Paralyzed football player inspires
Published 12:49 am Sunday, February 11, 2007
As Robert Cassidy wraps his right hand around the joystick of a power wheelchair, he acts as nonchalant as a kid playing “Need for Speed” on his Nintendo.
“How fast can I go?” he asks Methodist Rehabilitation Center physical therapist Allison Fracchia, as she fits his lanky frame into the sleek chair. “Six miles per hour” is her answer, a reply that prompts a wry observation from Cassidy’s aunt Birteen Burnside. “I can just hear his principal saying: ‘Cassidy, no running in the halls,’ ” Burnside says.
It’s a given that the outgoing 16-year-old will put the customized chair through its paces. The Ruleville Central High School junior is determined to reclaim the life he had before Sept. 1 – the night he broke his neck during the first play of his second high school football game.
After learning he was paralyzed from the chest down — in a newspaper headline, no less — Cassidy admits he fell into a two-week funk. But staying down isn’t his style. “Whatever life throws at you, you’ve just got to roll with it,” he says. “You can’t question God. There is a purpose for everybody.”
Cassidy’s new purpose appears to be a starring role as the inspirational Comeback Kid. Methodist Rehab staffers say Cassidy spent his time at the Jackson hospital motivating patients and employees alike with his hard work and good humor.
”They saw this 16-year-old kid going through this horrible thing, yet he was smiling and dealing with it,” said Jennifer Montgomery, Cassidy’s physical therapist during his more than two-month hospital stay. “When he would finish his therapy, he would befriend the people on the stroke floor. By the time he left, everybody knew him. He seemed to have a really good heart.”

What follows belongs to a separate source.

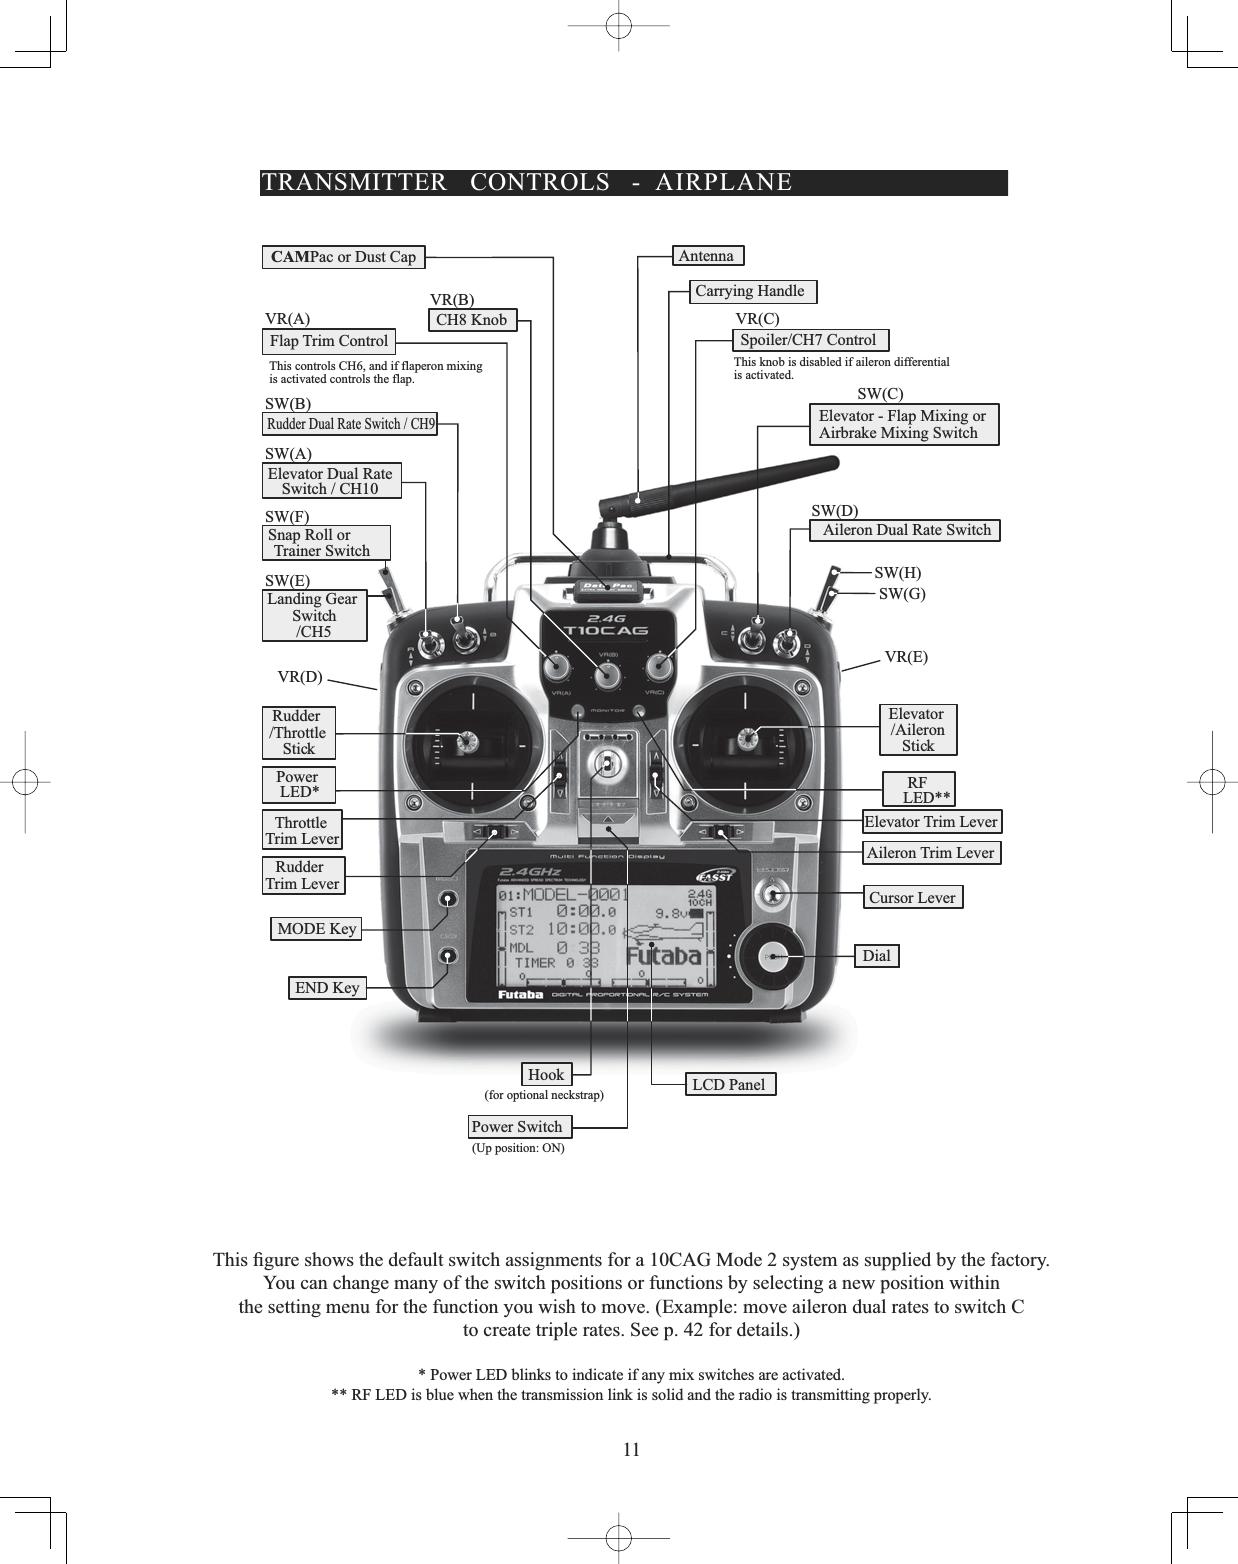 Futaba T10CG-24G Radio Control(Transmitter) User Manual
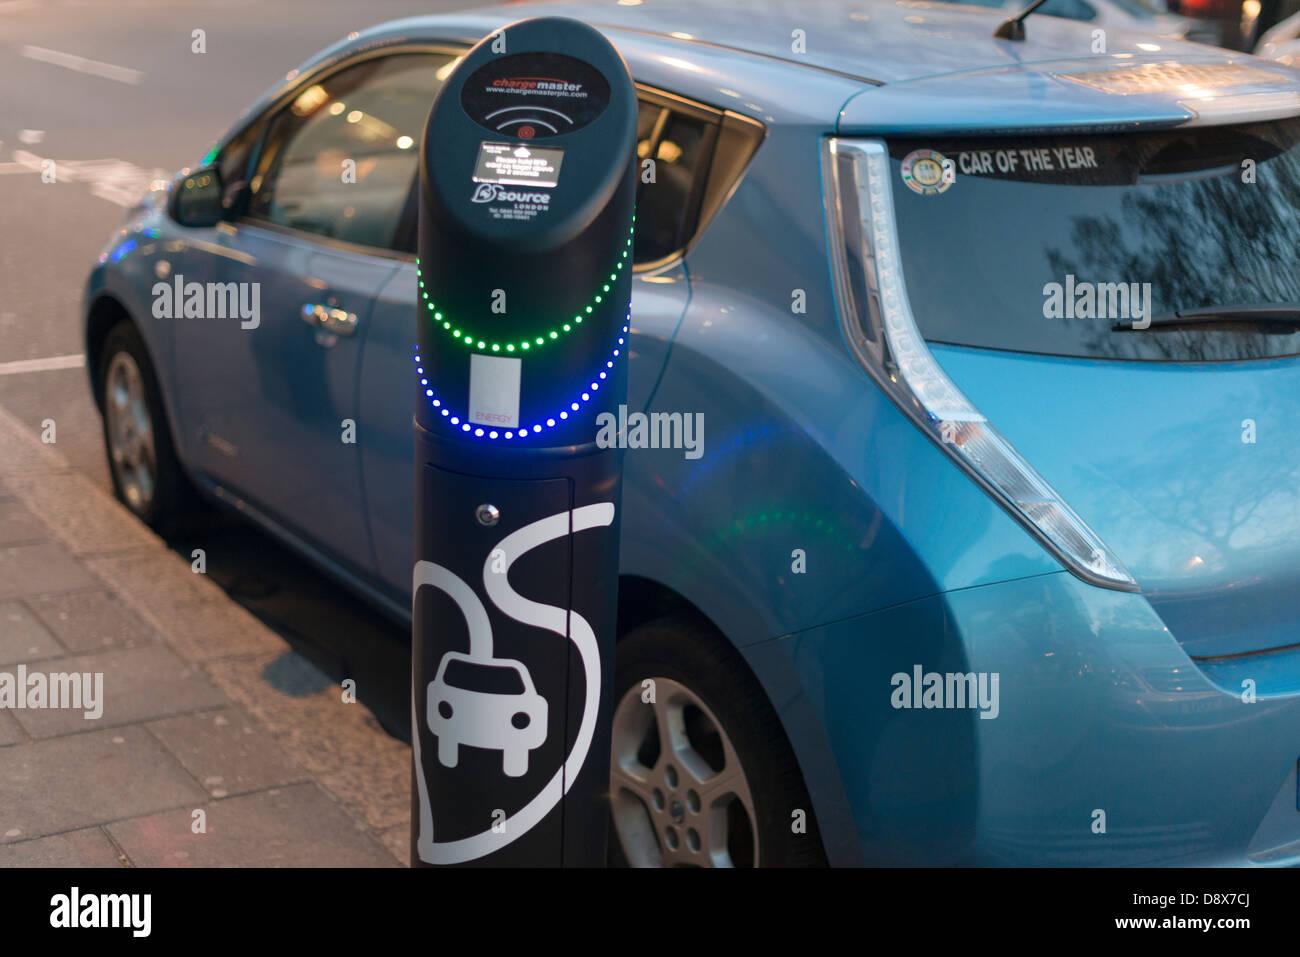 Electric vehicle on charge,London,England - Stock Image

Cassidy’s nurturing nature also calmed family members, who were initially devastated by the sight of the active athlete lying motionless in his bed. “When I first got to the hospital, I panicked for a minute,” said Cassidy’s cousin Cheryl Burnside of Cleveland, a constant by his side since the accident. “But Robert said: ‘Tell her I’m alright, and don’t cry.’ I had to go get myself together then.”
As word got out about Cassidy’s courage, visitors flocked to Methodist Rehab to meet the plucky teen — NFL stars Deuce McAlister and Fred Smoot among them.
Football players and cheerleaders from across Mississippi brought signed footballs, jerseys and collected donations in his name. And Madison Central High Head Football Coach Bobby Hall stopped by every Friday with one of Cassidy’s favorite foods — Kentucky Fried chicken strips. “I’ve been so touched by his attitude,” Hall said.
Hall said Cassidy’s paralyzing collision with another player is something coaches “hope and pray never happens.” But it is a definite risk of the sport. The National Center for Catastrophic Sports Injury Research reports that 256 players sustained disabling cervical cord injuries from 1997 through 2005 – including a dozen in 2004.